The candidate image is determined from the plurality of images based on the similarity information.

10. The method of any of claims 1-4, wherein determining a transformation relationship of the first image to the second image comprises:

Determining the number of matching points based on the position information of the at least one key point on the first image and the position information of the at least one key point on the second image;

determining pose information for the first image in response to the number being greater than a threshold number; and

Based at least on pose information of the first image, a transformation relationship of the first image to the second image is determined.

11. The method according to any one of claims 1 to 4, further comprising:

and determining a fusion image of the first image and the second image based on the transformation relation.

12. An image processing apparatus, comprising:

A candidate image determination module configured to determine a candidate image that matches a first image based on the similarity information, the first image and the candidate image each including at least one keypoint, the location information of the at least one keypoint in the candidate image being known, the candidate image including a second image;

The feature map acquisition module is configured to acquire a first feature map and a candidate feature map from the first image and the candidate image respectively;

A location information determination module configured to determine location information of the at least one keypoint on the second image on the first image by determining matched pairs of pixels in the first feature map and the candidate feature map; and

A transformation relationship determination module configured to determine a transformation relationship of the first image to the second image based on the position information of the at least one key point on the first image and the position information of the at least one key point on the second image.

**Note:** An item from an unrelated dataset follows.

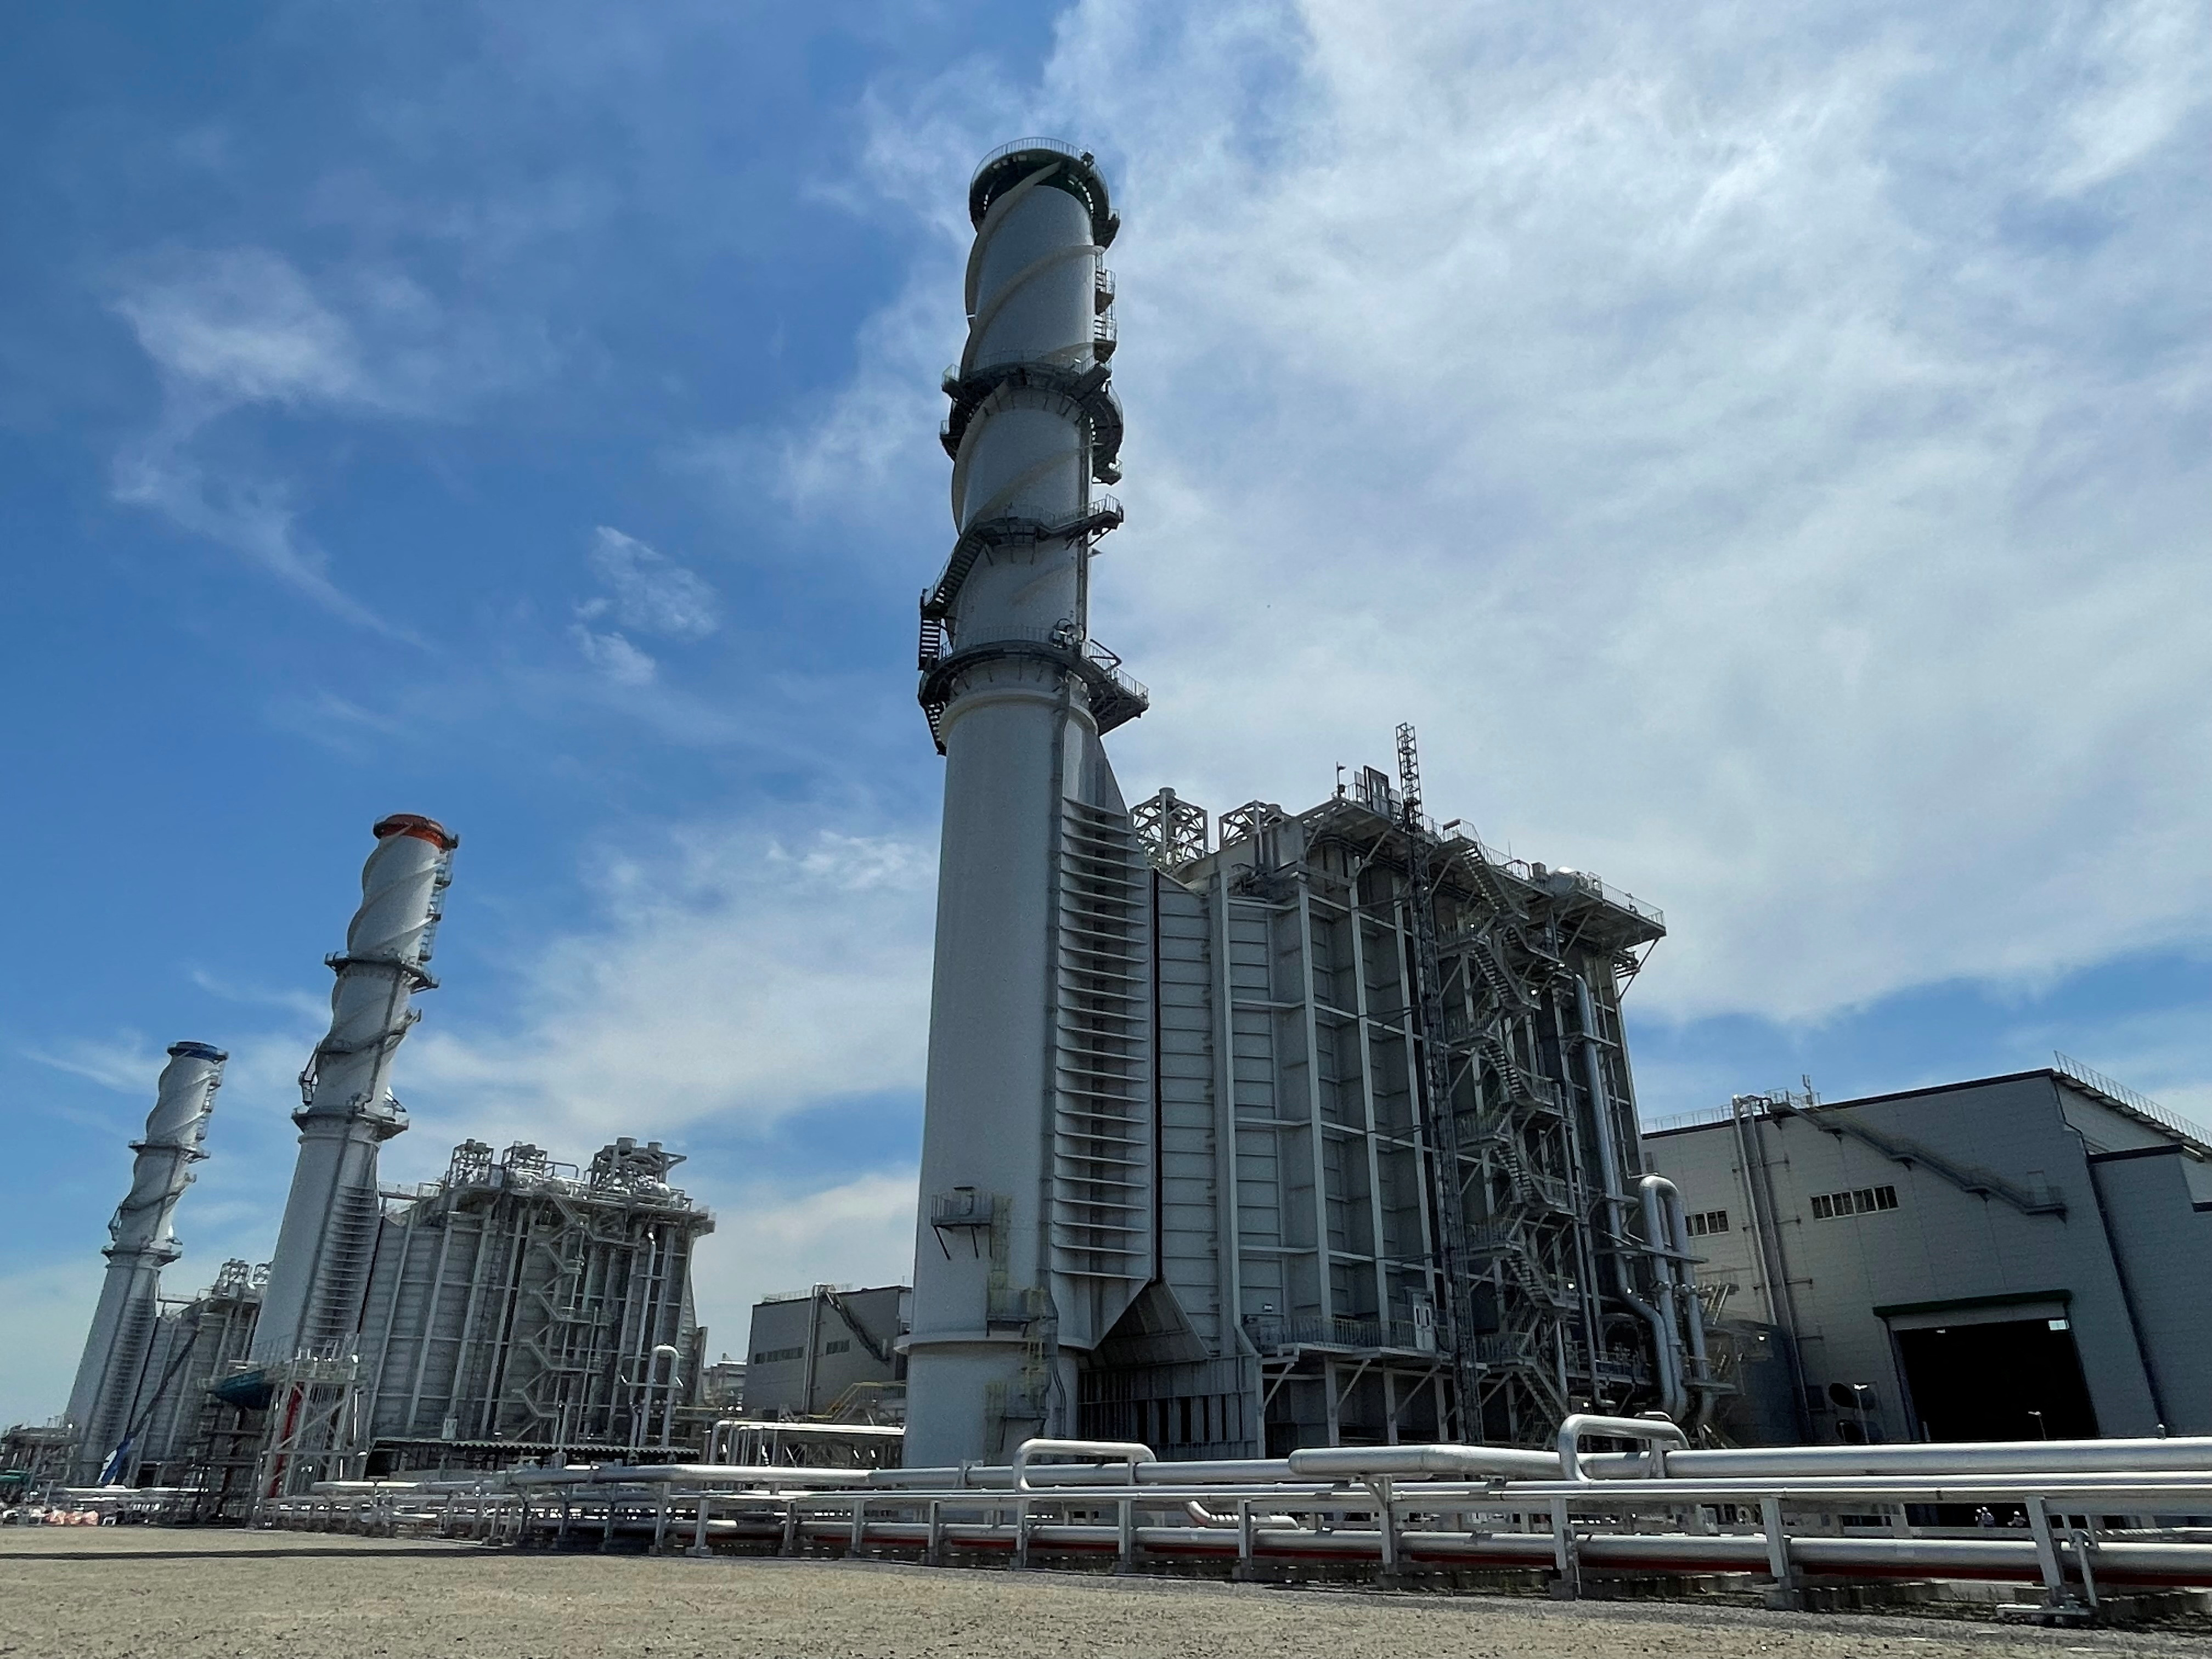 Japan’s biggest power generator, JERA, is preparing to start operations of new 2.34 gigawatts (GW) gas-fired power plants, in Chiba

13. An electronic device, comprising:

at least one computing unit;

at least one memory coupled to the at least one computing unit and storing instructions for execution by the at least one computing unit, the instructions when executed by the at least one computing unit cause the apparatus to perform the method of any one of claims 1-11.

14. A computer readable storage medium, on which a computer program is stored, characterized in that the program, when being executed by a processor, implements the method according to any of claims 1-11.

15. A computer program product comprising computer executable instructions which, when executed by a processor, implement the method according to any one of claims 1-11.